▶ Exercise goal
Transcribe exactly everything in the data below from the line containing "Zoologist Bat Discontinued" down to the line containing "Lisbona, Portogallo. La", both lines included and nothing further.

▶ Data for analysis
# # # # # # #

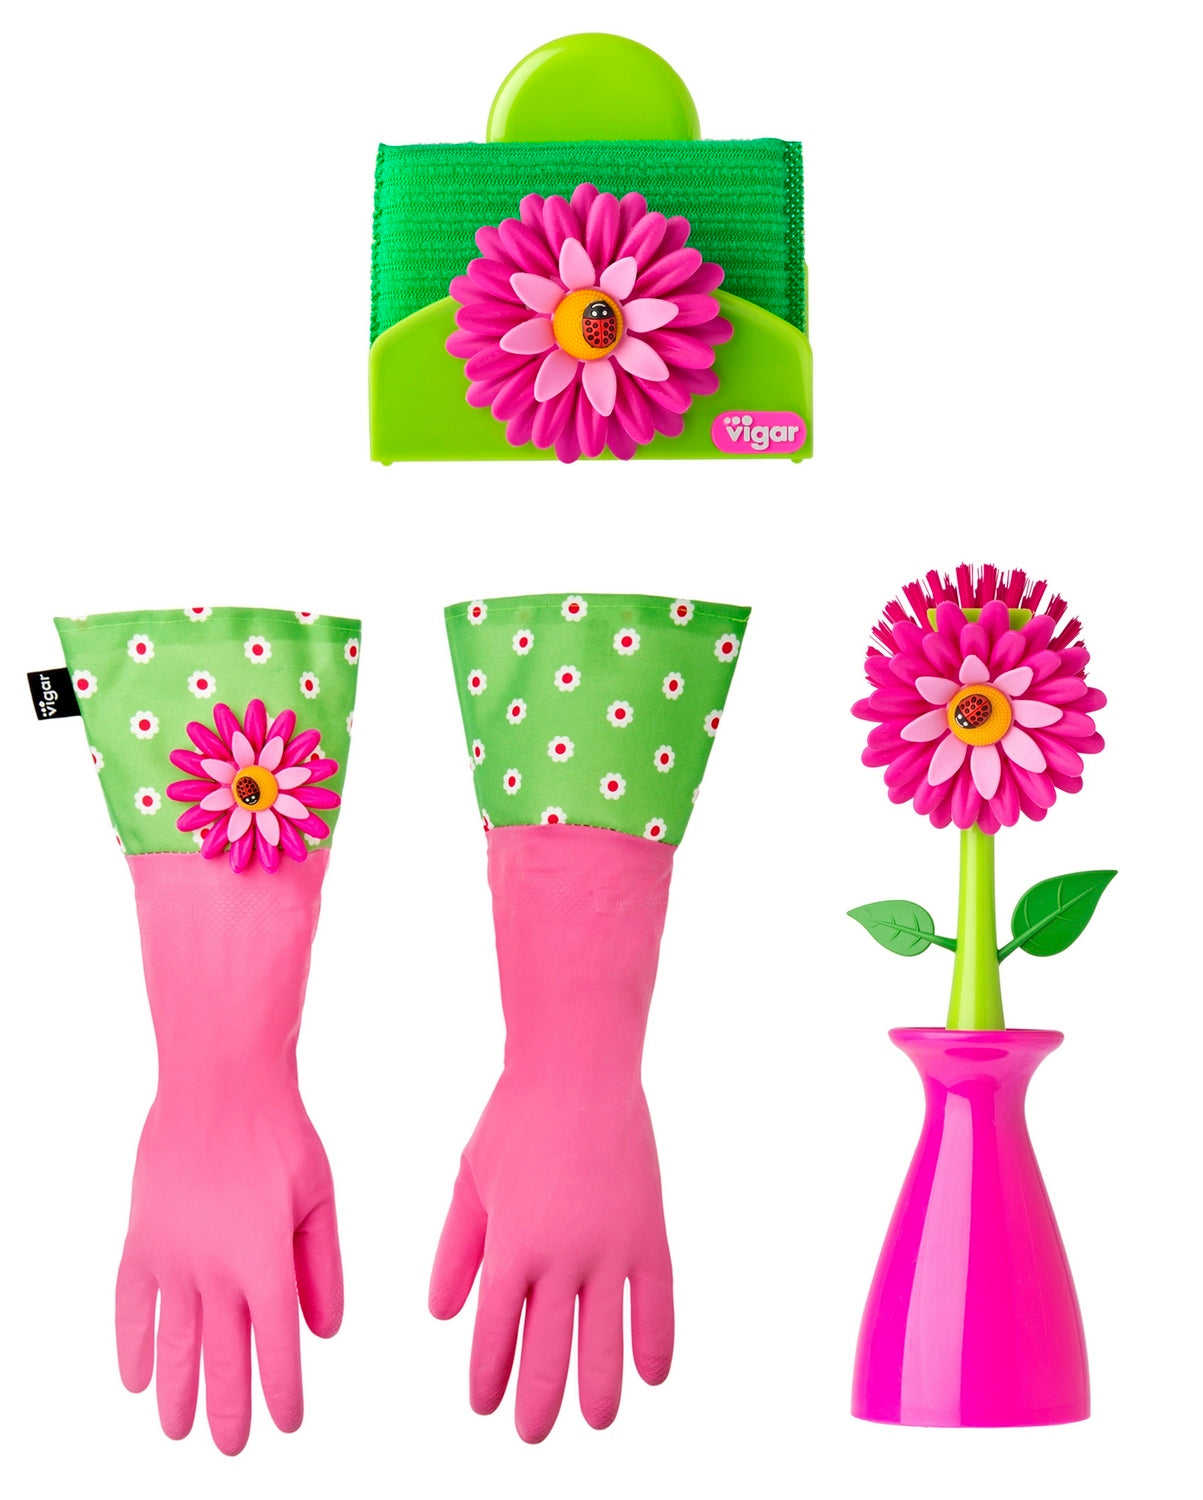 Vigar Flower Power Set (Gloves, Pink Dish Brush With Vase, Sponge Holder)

# # # # # # #

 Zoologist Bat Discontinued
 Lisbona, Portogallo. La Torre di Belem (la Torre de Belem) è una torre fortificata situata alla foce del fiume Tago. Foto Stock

# # # # # # #

▶ Final answer
 Zoologist Bat Discontinued
 Lisbona, Portogallo. La Torre di Belem (la Torre de Belem) è una torre fortificata situata alla foce del fiume Tago. Foto Stock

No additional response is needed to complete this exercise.